Three optimized feature combinations (FCs) were identified: RS-DT-FC1 (rs2259816, rs1378577, rs10757274, rs4961, smoking, hyperlipidemia, glucose, triglycerides), RS-DT-FC2 (rs1378577, rs10757274, smoking, diabetes, hyperlipidemia, glucose, triglycerides) and RS-DT-FC3 (rs1169313, rs5082, rs9340799, rs10757274, rs1152002, smoking, hyperlipidemia, high-density lipoprotein cholesterol). These were able to build the classifiers with an AUC >0.90 and sensitivity >0.90. The nomograms built with RS-DT-FC1, RS-DT-FC2 and RS-DT-FC3 had a concordance index of 0.94, 0.94 and 0.90, respectively, when validated with the test dataset, and 0.79, 0.82 and 0.79 when validated with the training dataset. Manual prediction of the test data with the three nomograms resulted in an AUC of 0.89, 0.92 and 0.83, respectively, and a sensitivity of 0.92, 0.96 and 0.86, respectively.
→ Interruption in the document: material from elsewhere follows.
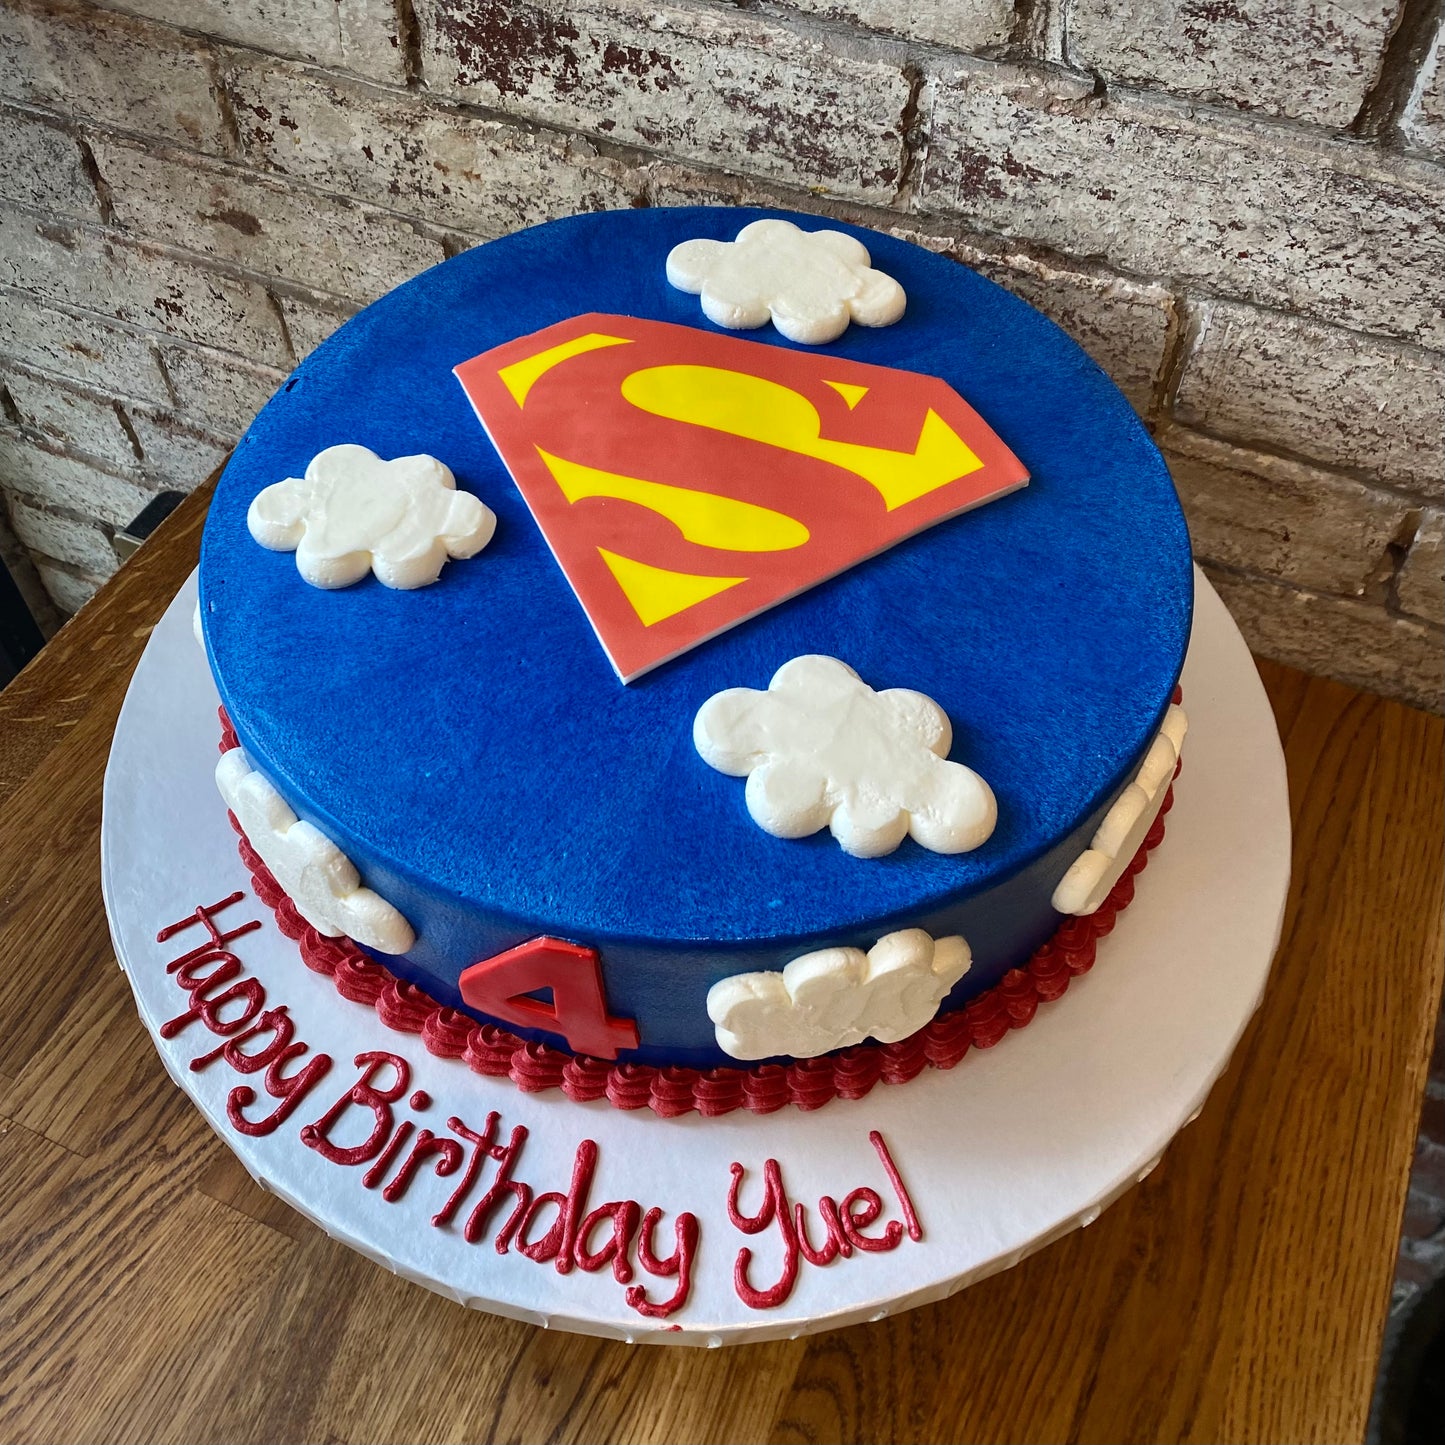 Superman cake for kid's birthday

The selection of suitable features determines the performance of ML models. RS-DT-FC2 may be a suitable FC for building a high-performance prediction model of PCAD with good sensitivity and accuracy. The nomograms allow practical scoring and interpretation of each predictor and may be useful for clinicians in determining the risk of PCAD.
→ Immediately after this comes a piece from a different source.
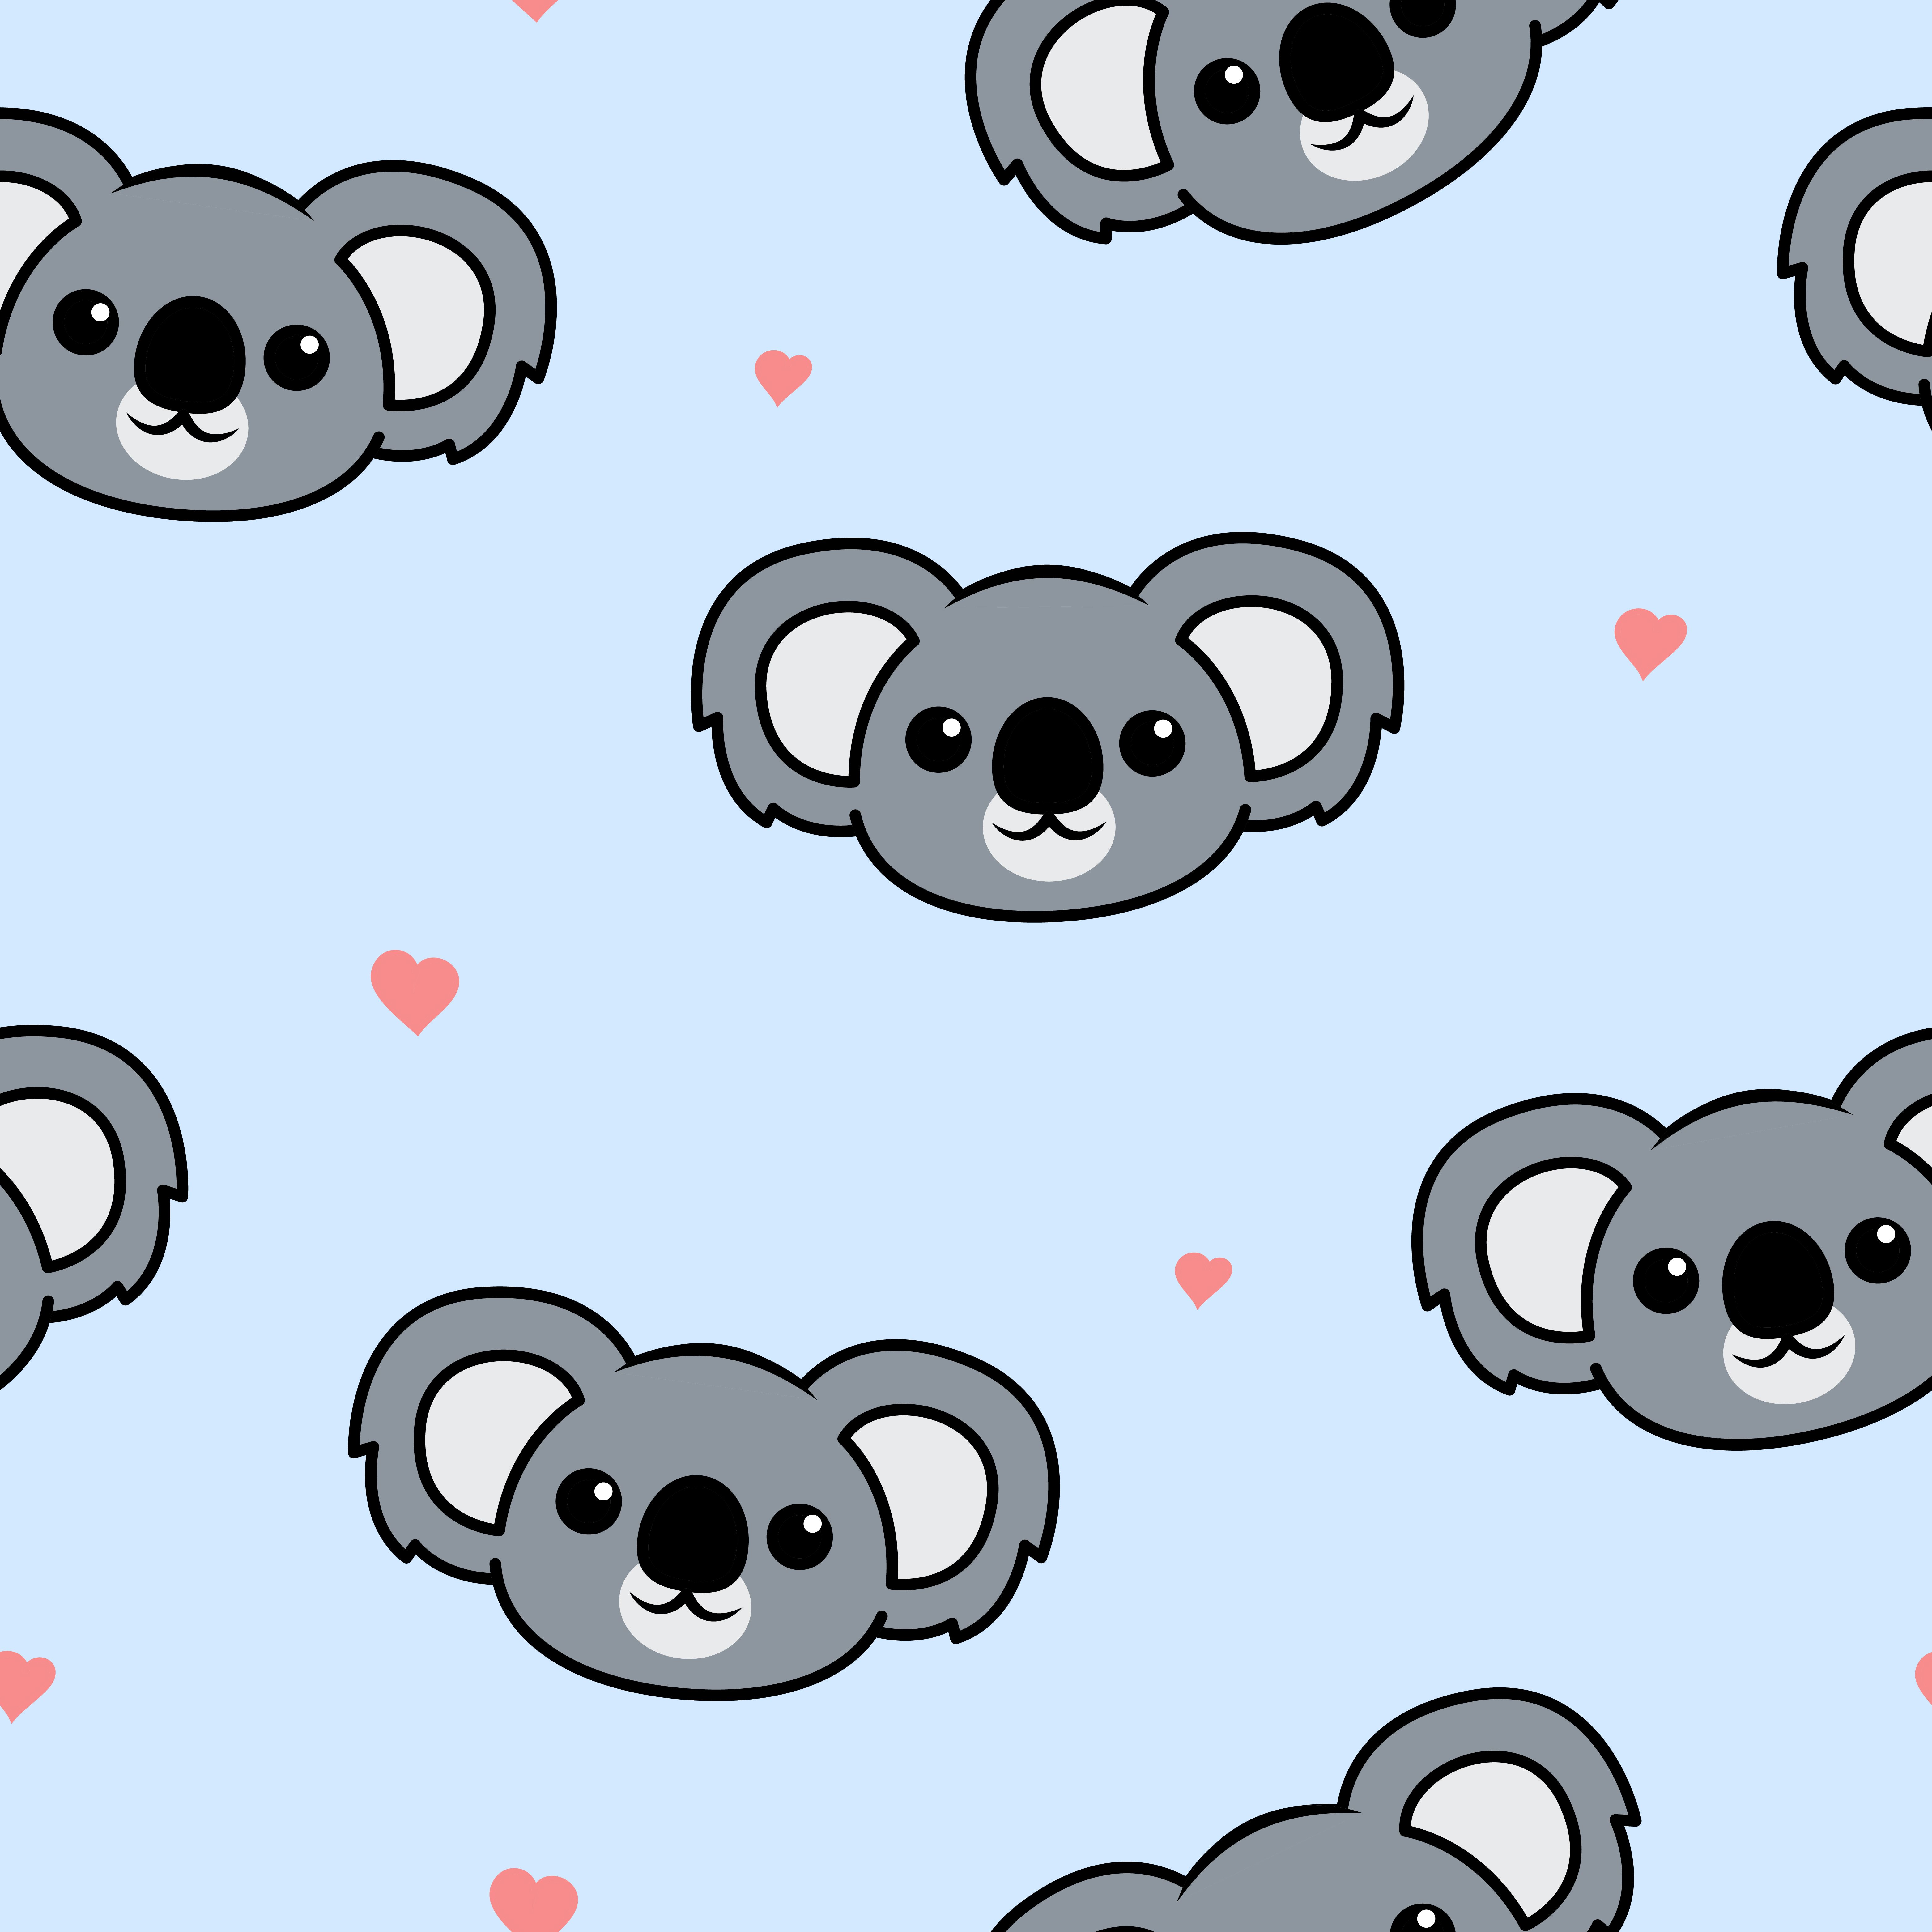 Cute koala face cartoon seamless pattern Free Vectors, Clipart Graphics & Vector Art

早发性冠状动脉疾病(PCAD)预后不良,死亡率和残疾率高。准确预测 PCAD 的风险对于预防和早期诊断这种疾病非常重要。机器学习(ML)已被证明是一种可靠的方法,可用于疾病诊断和基于复杂因素构建风险预测模型。本研究的目的是开发一种准确的 PCAD 风险预测模型,以便进行早期干预。
我们对 131 例 PCAD 患者和 187 例对照者的单核苷酸多态性(SNP)和传统心血管危险因素(TCRF)进行回顾性分析。使用机器学习(ML)算法 LogisticRegression(LRC)、RandomForestClassifier(RFC)和 GradientBoostingClassifier(GBC)在 scikit-learn 中构建用于预测 PCAD 风险的分类器。将参与者的四分之三随机分为训练数据集,其余部分分为测试数据集。使用接收器工作特征曲线(ROC)下面积(AUC)、敏感性和一致性指数评估分类器的性能。使用 R 包构建列线图。
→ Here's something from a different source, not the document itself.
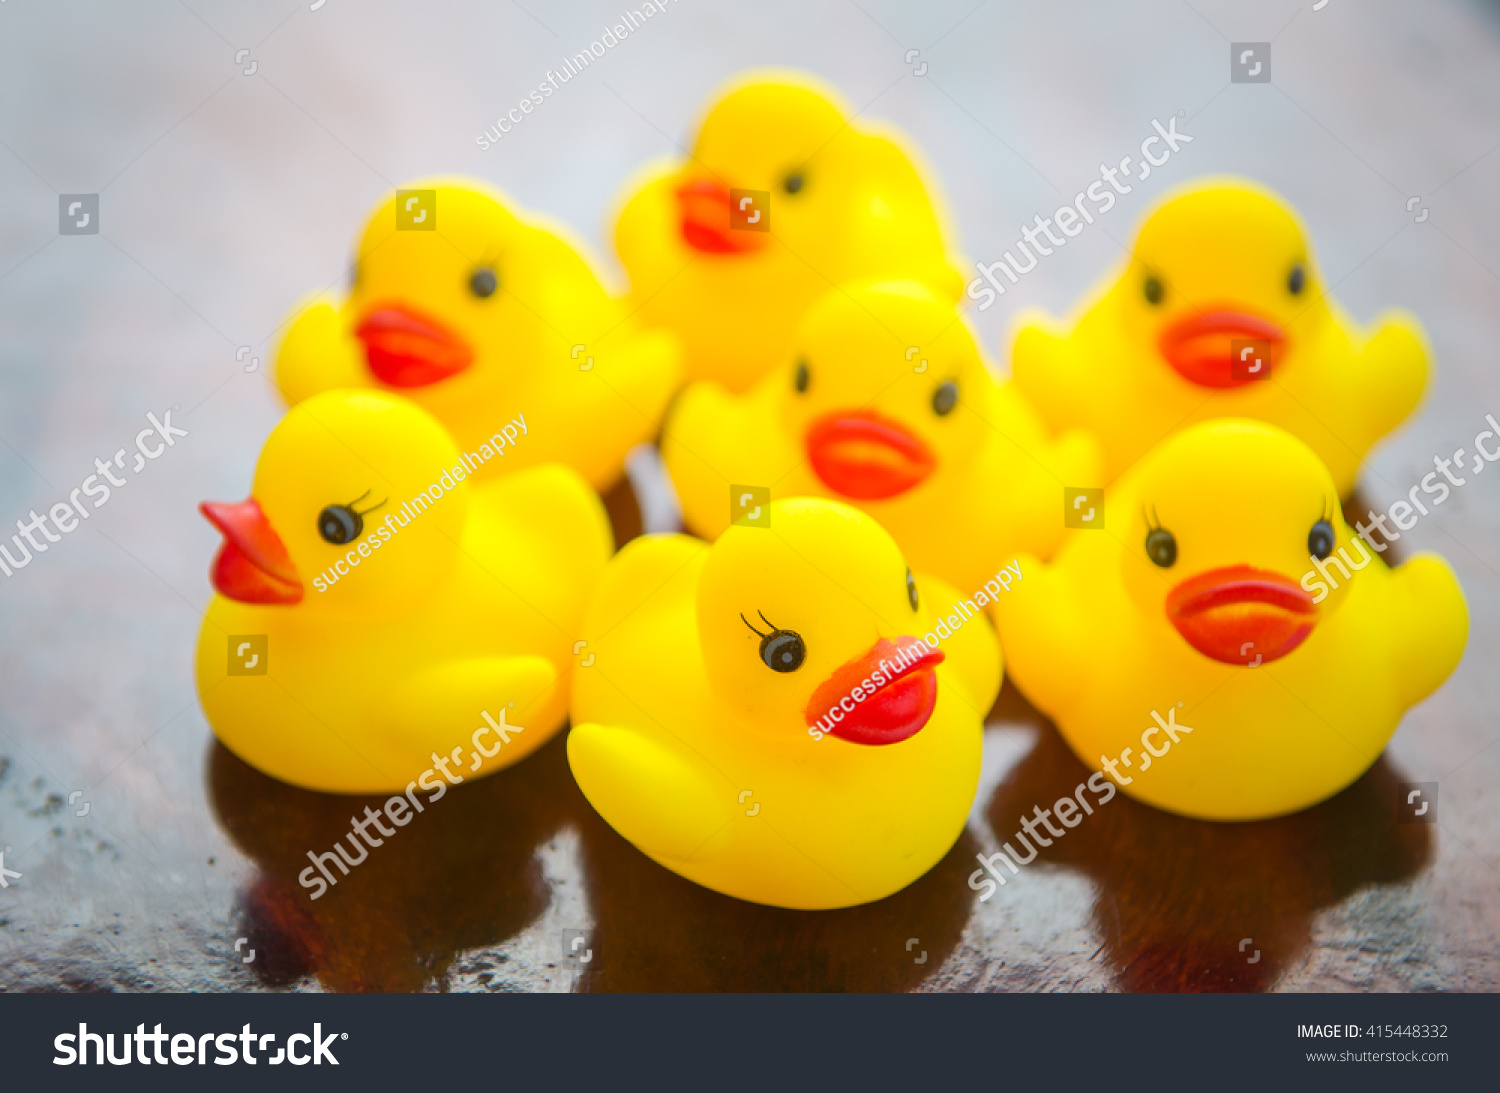 duck dolls

确定了三个优化特征组合(FC):RS-DT-FC1(rs2259816、rs1378577、rs10757274、rs4961、吸烟、高脂血症、葡萄糖、甘油三酯)、RS-DT-FC2(rs1378577、rs10757274、吸烟、糖尿病、高脂血症、葡萄糖、甘油三酯)和 RS-DT-FC3(rs1169313、rs5082、rs9340799、rs10757274、rs1152002、吸烟、高脂血症、高密度脂蛋白胆固醇)。这些能够构建 AUC>0.90 和敏感性>0.90 的分类器。RS-DT-FC1、RS-DT-FC2 和 RS-DT-FC3 构建的列线图在测试数据集验证时的一致性指数分别为 0.94、0.94 和 0.90,在训练数据集验证时的一致性指数分别为 0.79、0.82 和 0.79。使用三个列线图对测试数据进行手动预测,AUC 分别为 0.89、0.92 和 0.83,敏感性分别为 0.92、0.96 和 0.86。
合适特征的选择决定了 ML 模型的性能。RS-DT-FC2 可能是构建具有良好敏感性和准确性的 PCAD 高性能预测模型的合适 FC。列线图允许对每个预测因子进行实际评分和解释,对于临床医生确定 PCAD 的风险可能很有用。